Despite criticisms of the Chinese capital's pollution and human rights abuses, International Olympic Committee president Jacques Rogge underlined that Beijing, with its magnificent stadiums and facilities, will be a tough act to follow.

He told those inside the Bird's Nest : 'We come to the end of 16 glorious days which we will cherish forever.

'These were truly exceptional Games. And now, in accordance with tradition, I declare the Games of the 29th Olympiad closed, and I call upon the youth of the world to assemble four years from now in London to celebrate the Games of the 30th Olympiad.'


At least 40 members of the British Olympic team are expected to be nominated for honours in recognition of their achievements.

Athletes and officials have been told they are 'in for a shock' when they step off the British Airways plane from Beijing today.

Cyclist Victoria Pendleton said: 'It is surreal, we have been in something of a bubble here so don't really know what to expect. Everyone is pretty excited.'

She is one of 19 gold medallists expected to receive at least an MBE, with cyclist Chris Hoy, who won three golds in Beijing, and sailor Ben Ainslie, who has won gold at three successive Games, tipped for knighthoods.

There will also be nominations for those behind the scenes whose tireless hard work and expertise has helped build the most successful Olympic team since the London Games of 1908.

Britain won 19 golds, 13 silvers and 15 bronzes in 11 sports and finished fourth in the medals table, behind China, the U.S. and Russia.

The British performance began with the red double-decker bus, with London-Beijing-London emblazoned on its side, driving around the track inside the stadium followed on bicycles by British gold medal winning cyclists Chris Hoy, dressed as a City gent in bowler hat, Jamie Staff and Victoria Pendleton.

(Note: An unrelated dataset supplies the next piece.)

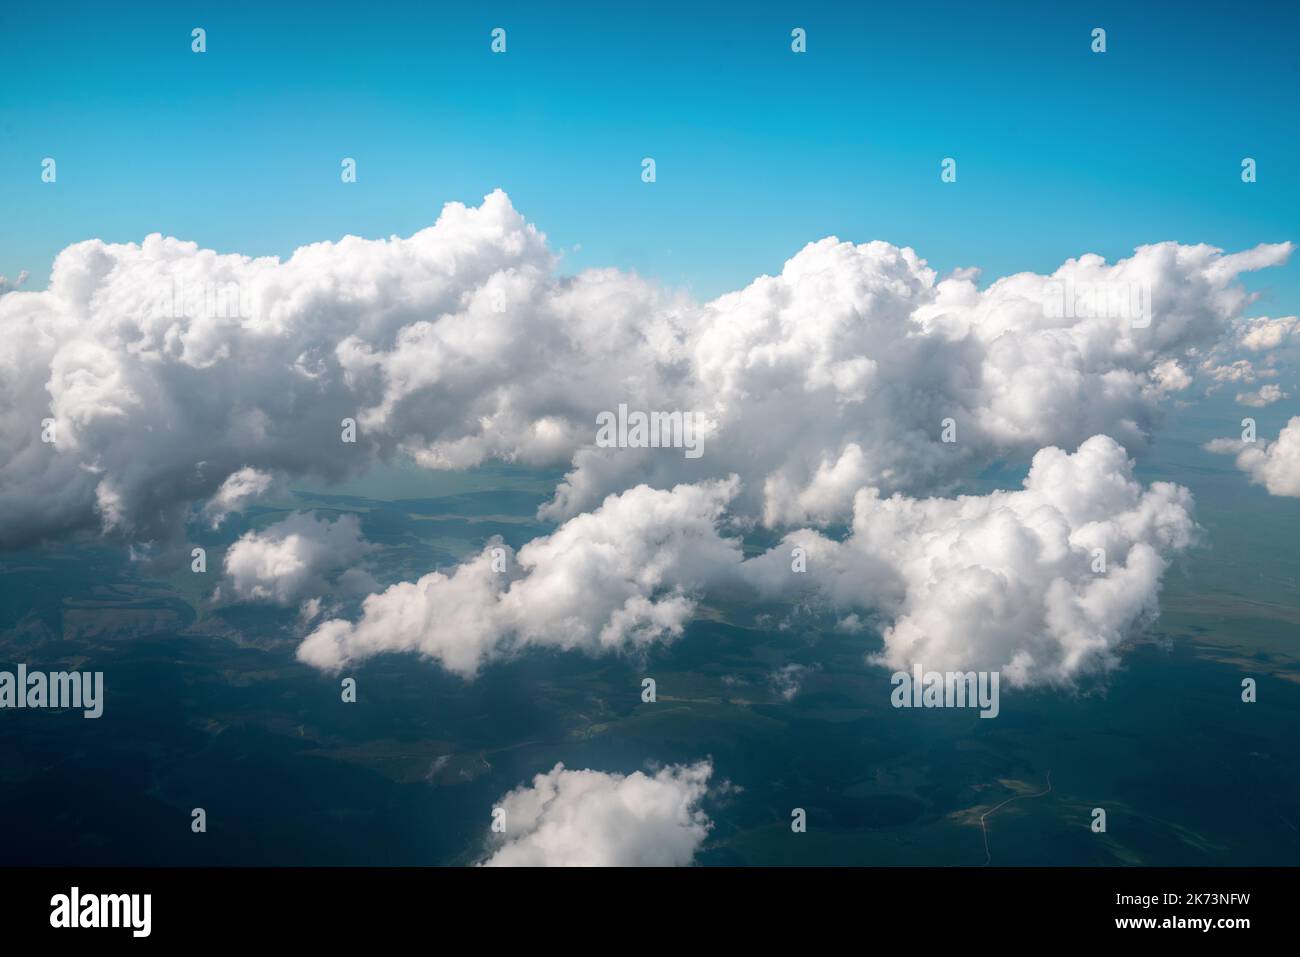 Une vue panoramique sur la lumière du jour et sur tous les nuages sous le ciel bleu, vue sur les nuages et les montagnes, concept de papier peint. Photo de haute qualité Banque D'Images

As dancers performed around it, tenyearold Londoner Tayyiba Dudhwala, who had been chosen in a Blue Peter competition, emerged and was given a football by another London youngster, Erika Tham.

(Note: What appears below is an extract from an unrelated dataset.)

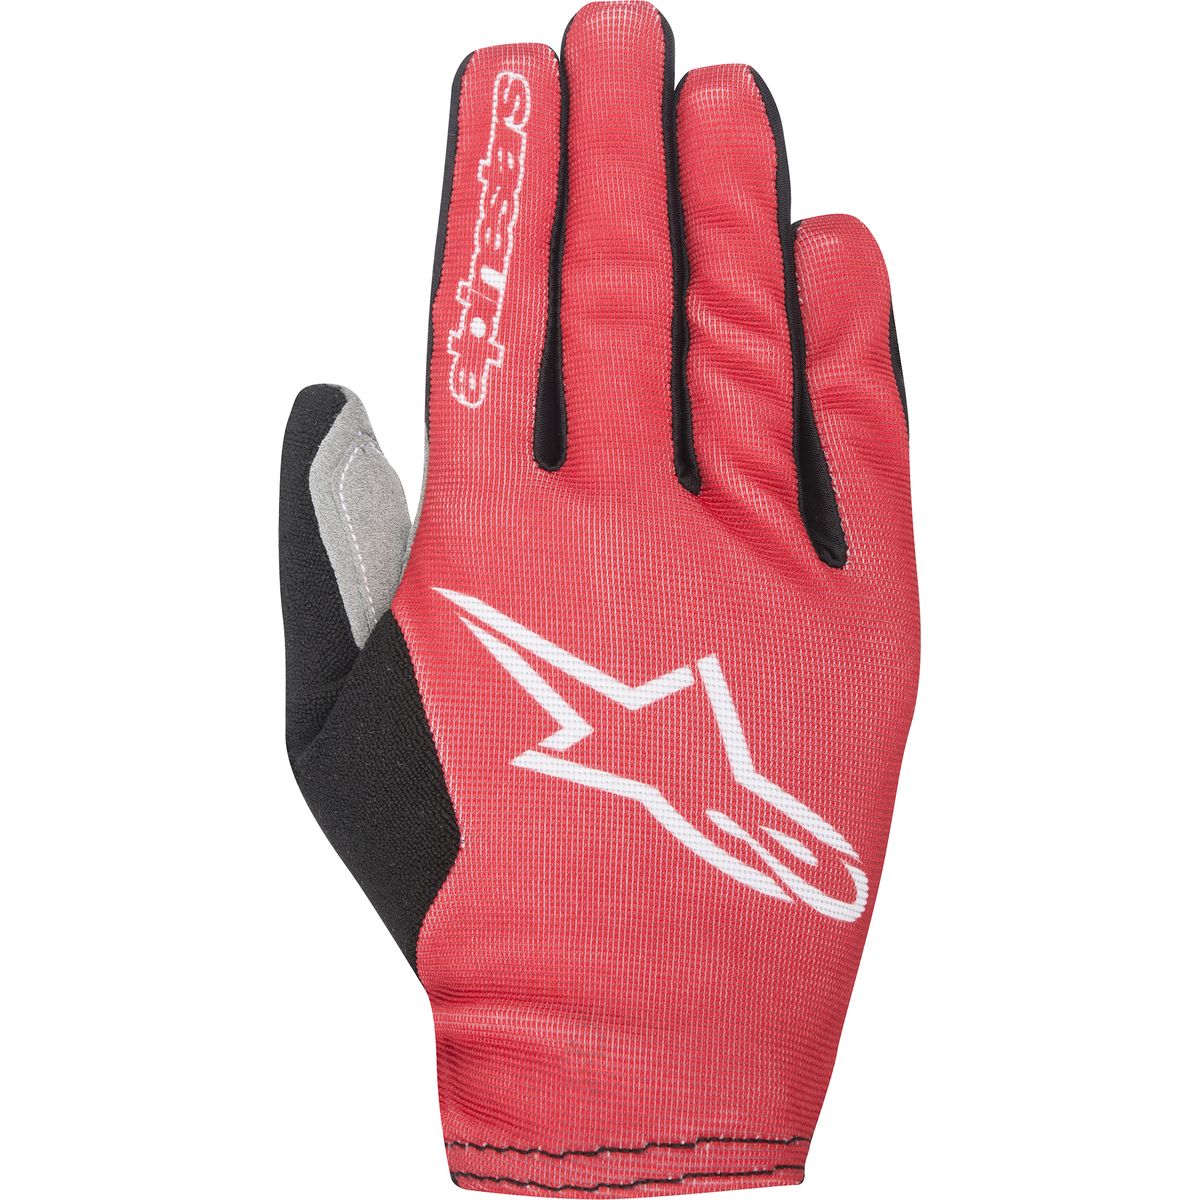 Alpinestars Aero 2 Gloves Men's

Singer Leona Lewis, winner of the X Factor TV show, spiralled from the roof of the bus to be joined by Led Zeppelin guitarist Jimmy Page blasting out 'Whole Lotta Love'.

Bizarrely, the sides of the bus were made of grass, apparently to symbolise the sporting fields of London.

To a massive and sustained cheer, David Beckham emerged from the top of the bus to kick a football into the hordes of athletes crowded into the centre of the vast venue.

It was one of the army of Chinese volunteers who had given their time to help who caught - and kept - the ball.

Hi-tech umbrellas, symbolic of Britain's rain, then covered the bus, forming a screen of images before the bus, transformed into a carnival float, headed out of the stadium to warm applause.

The official Closing Ceremony programme said the performance 'highlights the artistic creativity, energy and passion for sport, art and culture that London and the UK will bring to the 2012 Games'.

Later Mr Johnson attended a party for Team GB athletes and officials, who had contributed towards Britain's most successful Games for a century.

He had his listeners in stitches as he told them that Britain had invented table tennis, the game beloved of the Chinese.

Its origins, he told the crowd, lay in the dining rooms of Victorian England when the game was known as 'whiff whaff'.

He said: 'I say this respectfully to our Chinese hosts who have excelled so magnificently at ping pong.

'Ping pong was invented on the dining tables of England in the 19th century and it was called whiff whaff.

'That is the essential difference between us and the rest of the world.

'Other nations - the French - looked at a dining table and saw an opportunity to have dinner.